Anandamide deficiency and heightened neuropathic pain in aged mice.

“Damaging of peripheral nerves may result in chronic neuropathic pain for which the likelihood is increased in the elderly. We assessed in mice if age-dependent alterations of endocannabinoids contributed to the heightened vulnerability to neuropathic pain at old age.

We assessed nociception, endocannabinoids and the therapeutic efficacy of R-flurbiprofen in young and aged mice in the spared nerve injury model of neuropathic pain.

 R-flurbiprofen was used because it is able to reduce neuropathic pain in young mice in part by increasing anandamide.

Aged mice developed stronger nociceptive hypersensitivity after sciatic nerve injury than young mice.

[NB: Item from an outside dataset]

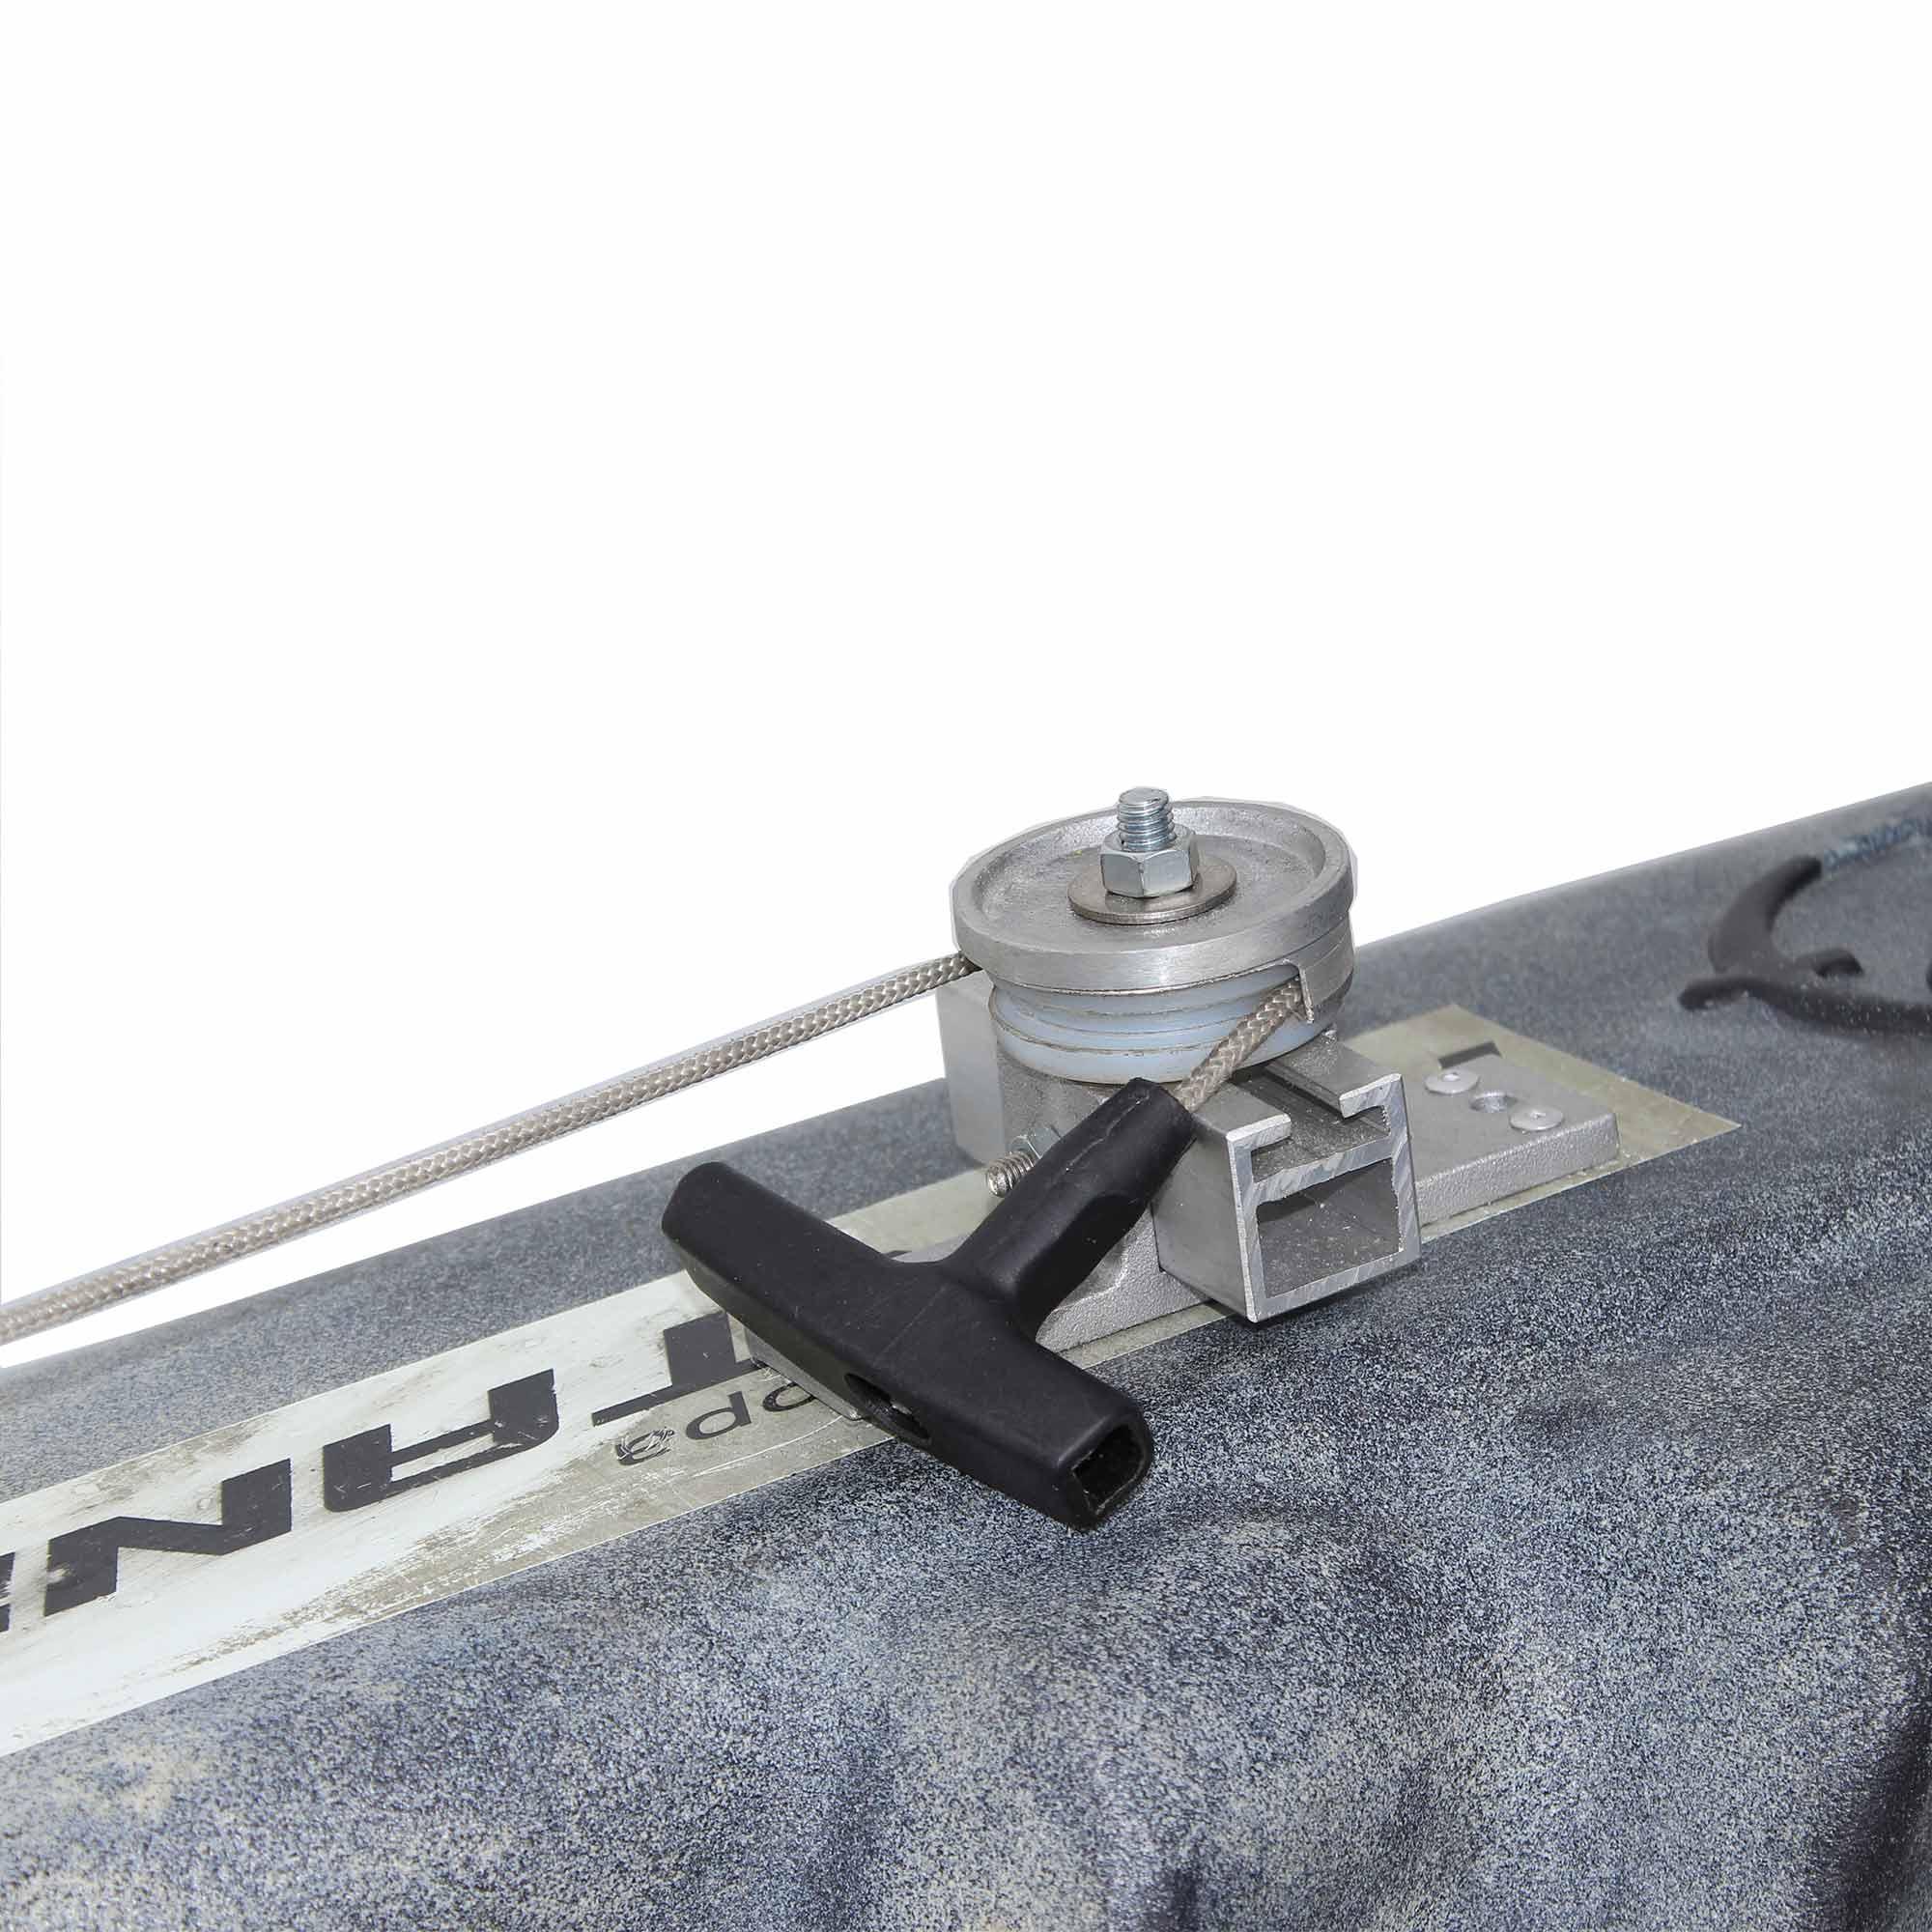 Kit Acelerador remoto Universal para caiaques
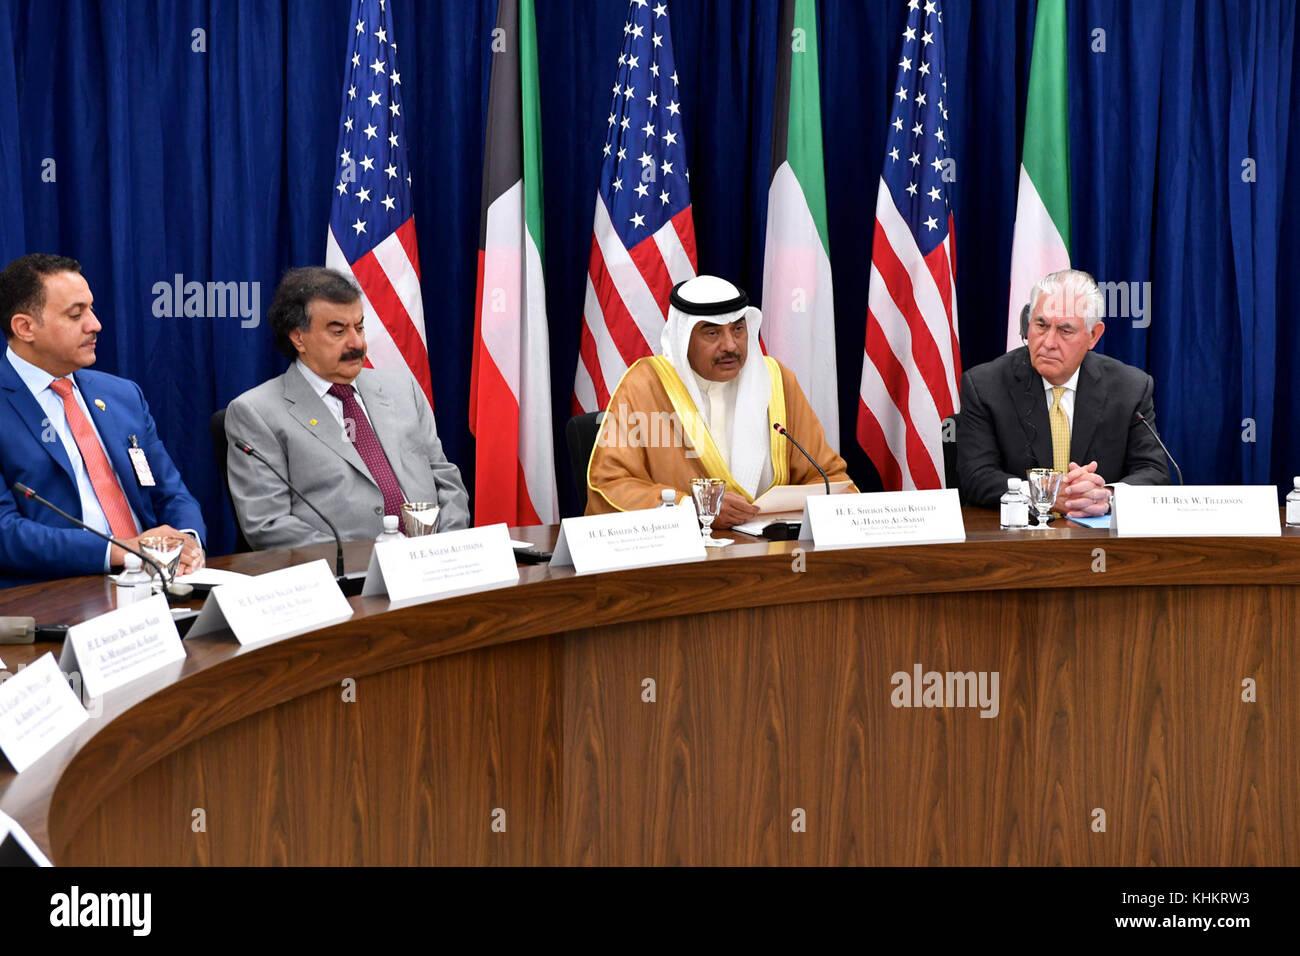 U.S. Secretary of State Rex Tillerson listens on as Kuwaiti Foreign Minister Sheikh Sabah Al-Khaled Al-Hamad Al - Stock Image

This was associated with low anandamide levels in the dorsal root ganglia, spinal cord, thalamus and cortex, which further decreased after nerve injury…”

 More: http://www.ncbi.nlm.nih.gov/pubmed/23597506

Cannabinoid receptor 1 deficiency in a mouse model of Alzheimer’s disease leads to enhanced cognitive impairment despite of a reduction in amyloid deposition.

“Alzheimer’s disease (AD) is characterized by amyloid-β deposition in amyloid plaques, neurofibrillary tangles, inflammation, neuronal loss, and cognitive deficits. Cannabinoids display neuromodulatory and neuroprotective effects and affect memory acquisition. Here, we studied the impact of cannabinoid receptor type 1 (CB1) deficiency on the development of AD pathology…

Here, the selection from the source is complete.